В палате стояло двенадцать коек, шесть и шесть, а посредине оставался узкий проход, вдвоем не разминуться. Здание больницы было старым, и строилось совсем для других нужд. На высоком потолке со следами лепнины расходились ржавые водяные подтеки, окно, узкое и высокое, с широким подоконником, было закрыто на старинные латунные шпингалеты.

Из окна я увидела двор, засаженный редкими деревьями. По двору медленно передвигались молодые мужчины в черных одеждах. Вероятно, к слуховым галлюцинациям прибавились зрительные.

Подошла моя соседка и встала рядом, чуть потеснив меня круглым животом.

– Представляешь, монахи.

Позади меня была палата, полная беременных на разных сроках баб, лежащих на сохранении. Они сидели на кроватях и ели утреннюю жидкую кашу, кто держа тарелку перед собой, кто на прикроватной тумбочке.

Передо мной был двор, по которому бродили монахи, кто с книгой в руках, кто перебирая четки. Справа, за высокой оградой, виднелся Обводный канал.

– Где я?

Наверное, лицо у меня было страшным.

– Ты что позеленела, плохо тебе?

– Мне хорошо. Где я?

В неотложку я вчера села уже в халате и тапочках, так что бежать отсюда не могла. Но хотя бы знать, где находится место моего заключения, я имела право?

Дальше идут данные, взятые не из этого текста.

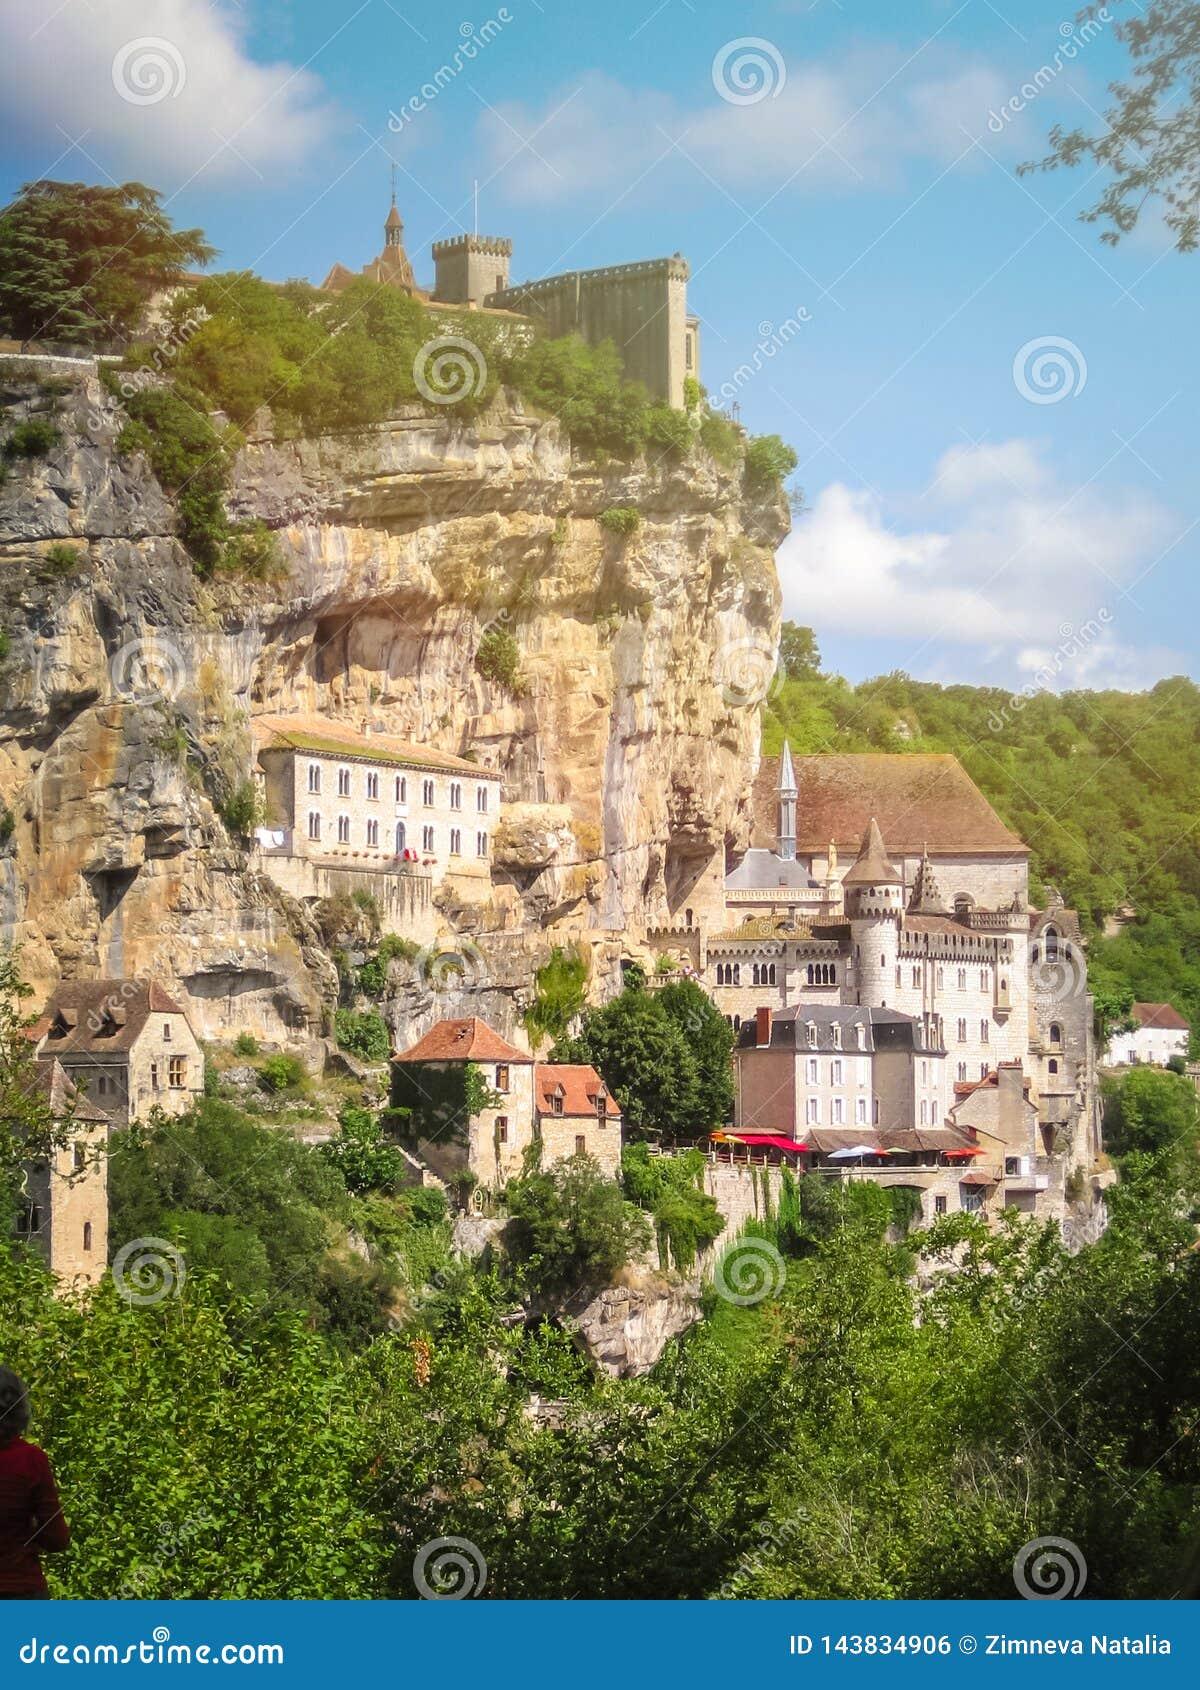 Χωριό Rocamadour που σκαρφαλώνει σε έναν απότομο βράχο, Γαλλία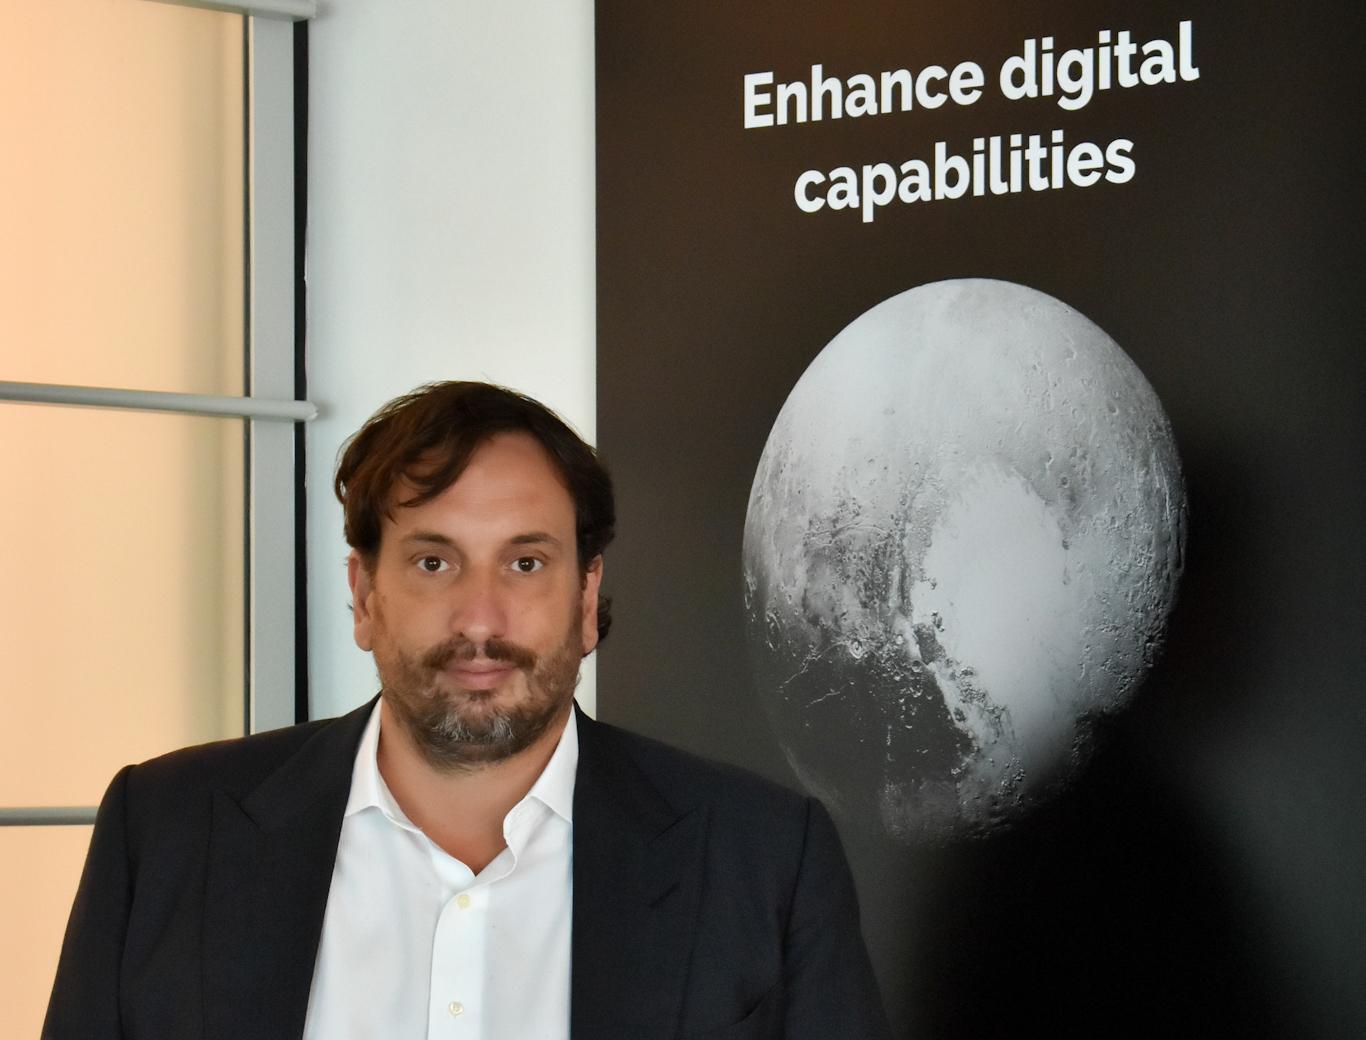 PiemonteHoldingconclui compra de data centers da Oi por R$ 367 milhões

– Не бойся. Местечко что надо. Вон, слева, видишь здание вроде дворца? Это Духовная семинария. А дальше, позади нее, Лавра. А наш особнячок – это флигель, он раньше им принадлежал. А теперь здесь знаешь что на первом-то этаже? – И мой маленький беременный Вергилий тихо рассмеялся в ладошку. – Абортарий, самый что ни на есть.

Кто б сомневался: и наше поколение было рождено, чтоб Кафку делать былью. Своими жизнями и жизням еще не рожденных детей мы, подчиняясь неведомому, заведенному здесь порядку, мостили дорогу в светлое советское абсурдное будущее, которому, даже за отсутствием второго эпитета, не дано быть другим.

Вся Страстная слилась в один яростный солнечный день. Листва на деревьях огрубела, сделалась темной, и берега речки Монастырки, протекавшей позади нашего корпуса, на глазах поросли бурьяном. Облаков в небе не было, кроме одного, невидимого, которое уже пятые сутки шло к нам и теперь было над нами и о котором мы ничего не знали.

Основное мое лечение заключалось в том, чтобы лежать и время от времени принимать витамины. Видимо, близость Лавры настраивала врачей на философский лад, и они, не без оснований, впрочем, полагали, что все в руце Божьей.

Когда лежать становилось невмоготу, я вставала и шла бродить по этажу. Узкий коридор заканчивался окном и пожарной лестницей, ведущей в монастырский двор. Справа в коридор выходили двери четырех палат на двенадцать коек каждая, слева находились сестринская, душевая с неработающим душем и уборная, одна на весь этаж. Закрывалась она изнутри на разболтанный погнутый крючок, и в коридор сквозь щели подтягивало.

На той же стороне, в небольшой нише, находилось маленькое окошко раздаточной, возле которого три раза в день образовывалась очередь из женщин со своими, из дому принесенными тарелками и ложками. Получив порцию супа, женщины молча разбредались: кто-то шел в палату, кто-то садился на стул в коридоре. Столовой здесь не было. Повторная очередь выстраивалась за вторым, которое раздатчица, чье лицо я так никогда и не увидела, накладывала в те же тарелки, предварительно вычищенные хлебной коркой. Некоторые пытались избежать унизительной процедуры кормежки, но ведь беременным всегда хочется есть, а еды, принесенной родственниками из дому, не хватало.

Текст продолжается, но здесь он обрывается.